• ABOUT THIS TASK: The lines below starting at the line containing "Eddie Murphy's Hollywood Walk of Fame star" and ending at the line containing "وزارت جهاد کشاورزی" are to be repeated exactly, with both ends kept and nothing else added.

• RECORDS FOR THIS EXERCISE:
--*--

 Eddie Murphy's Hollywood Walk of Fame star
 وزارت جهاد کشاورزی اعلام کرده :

--*--

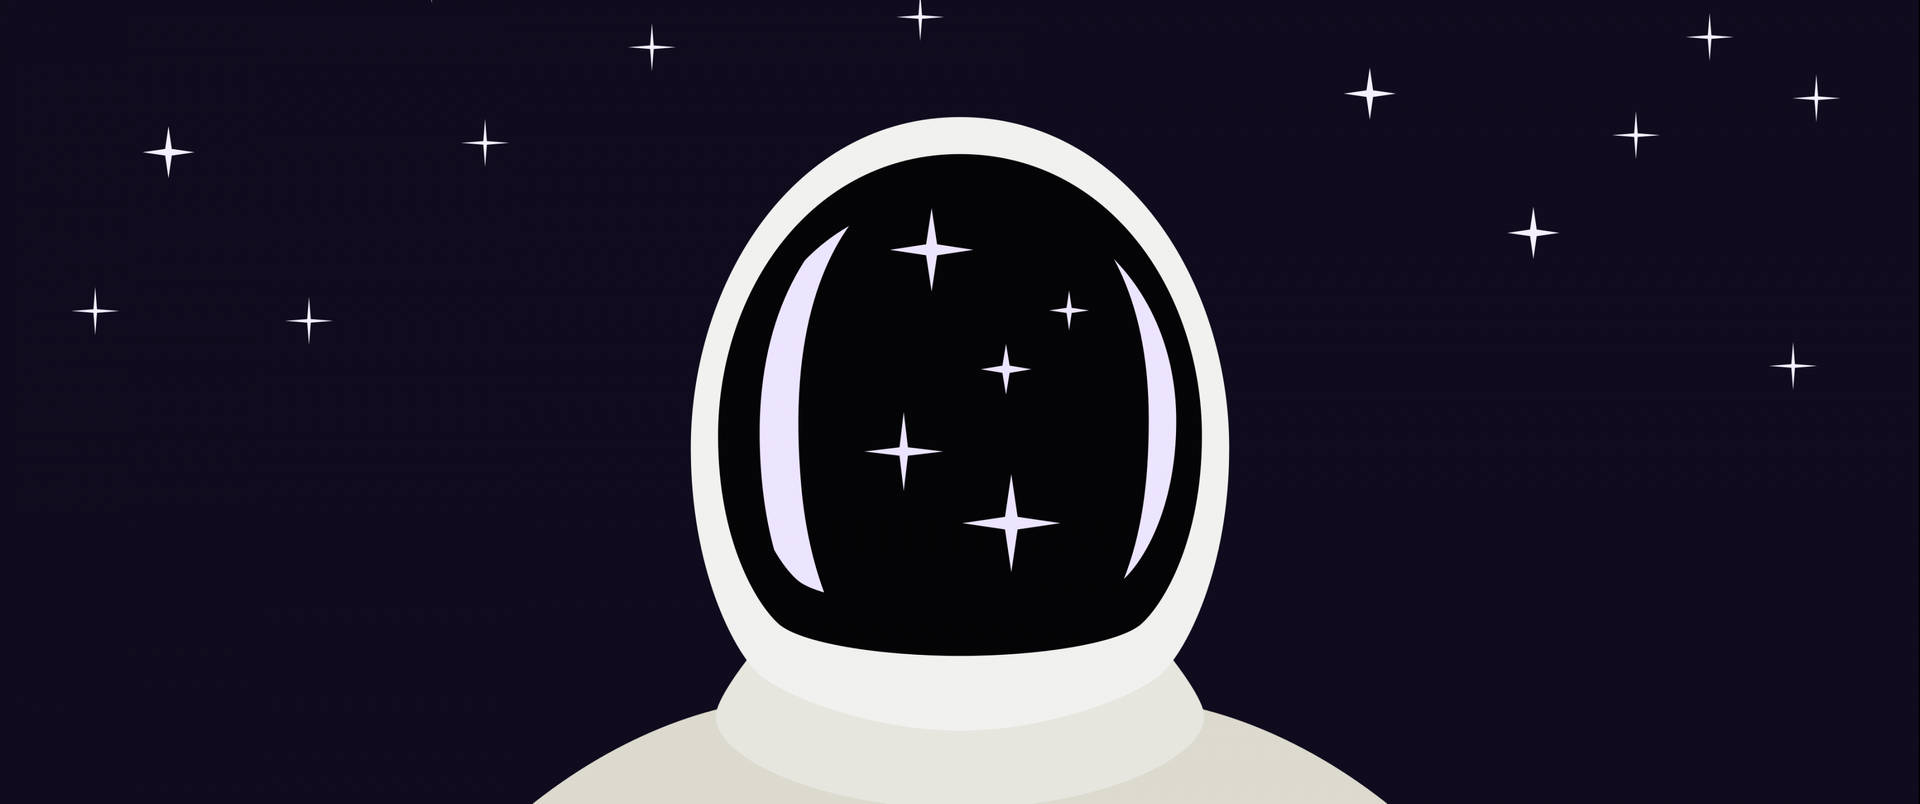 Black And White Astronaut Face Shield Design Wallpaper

--*--

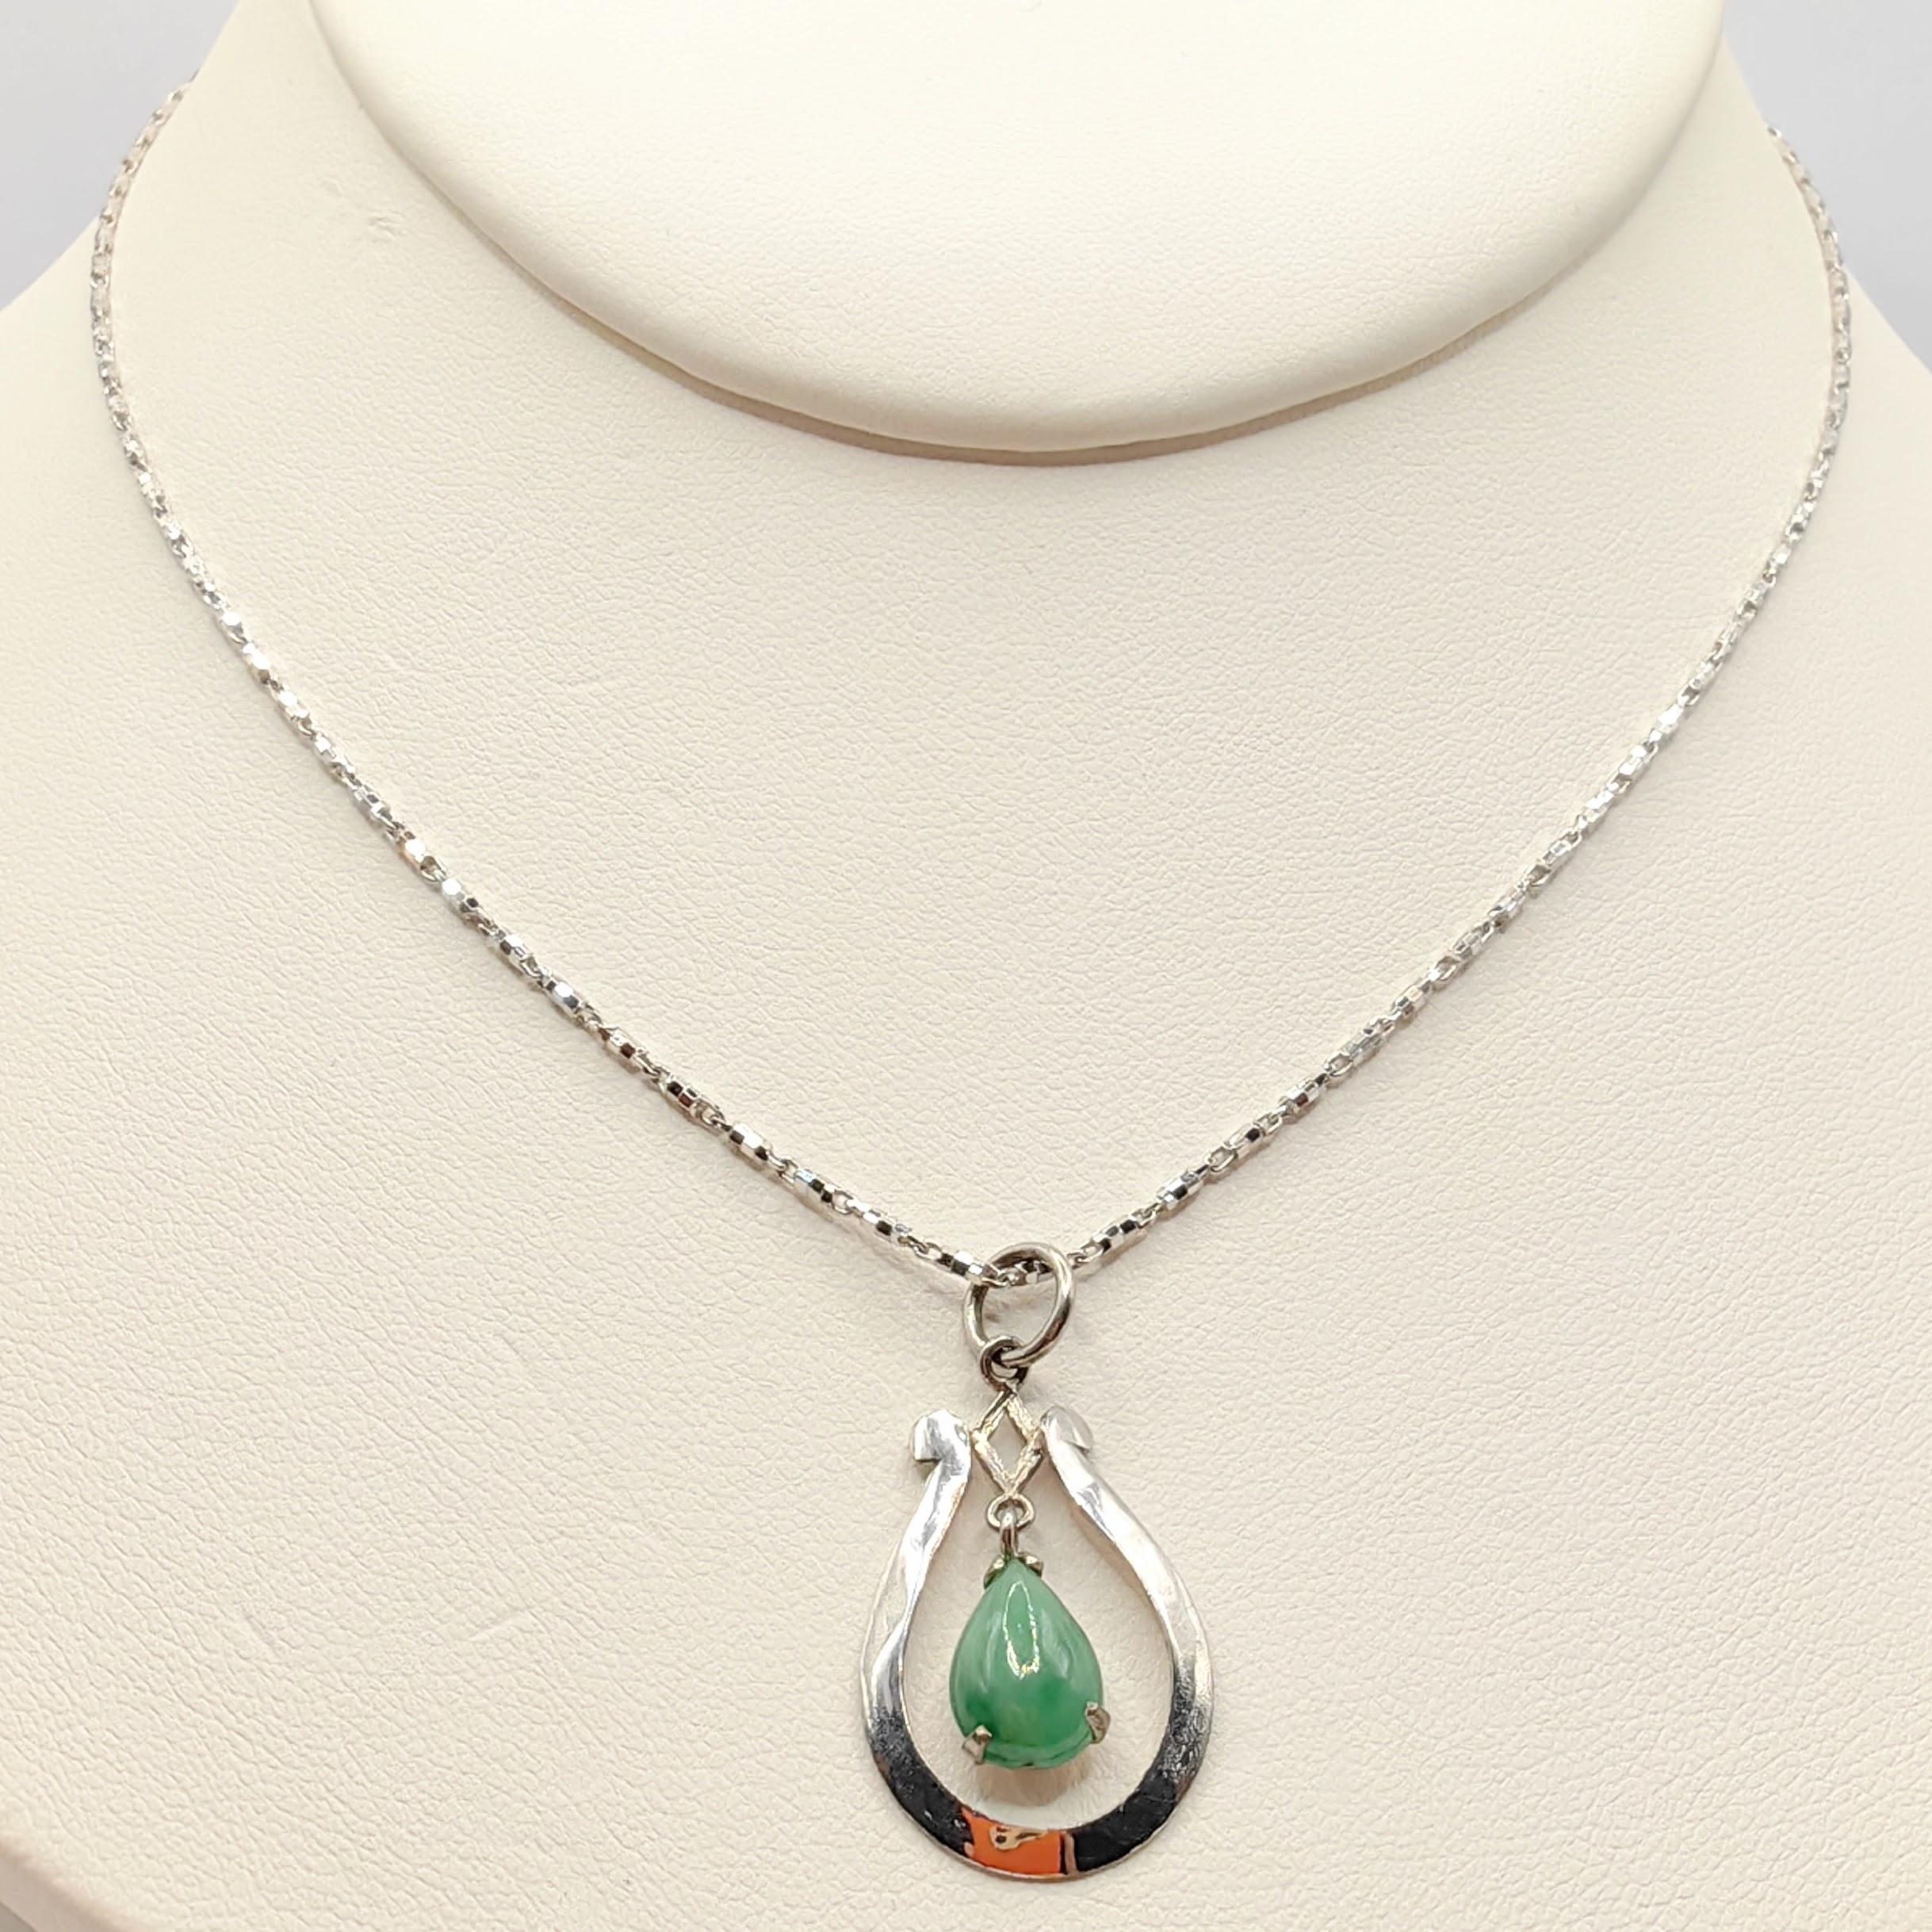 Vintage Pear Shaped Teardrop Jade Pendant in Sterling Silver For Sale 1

--*--

• SOLUTION TO THIS TASK:
 Eddie Murphy's Hollywood Walk of Fame star
 وزارت جهاد کشاورزی اعلام کرده :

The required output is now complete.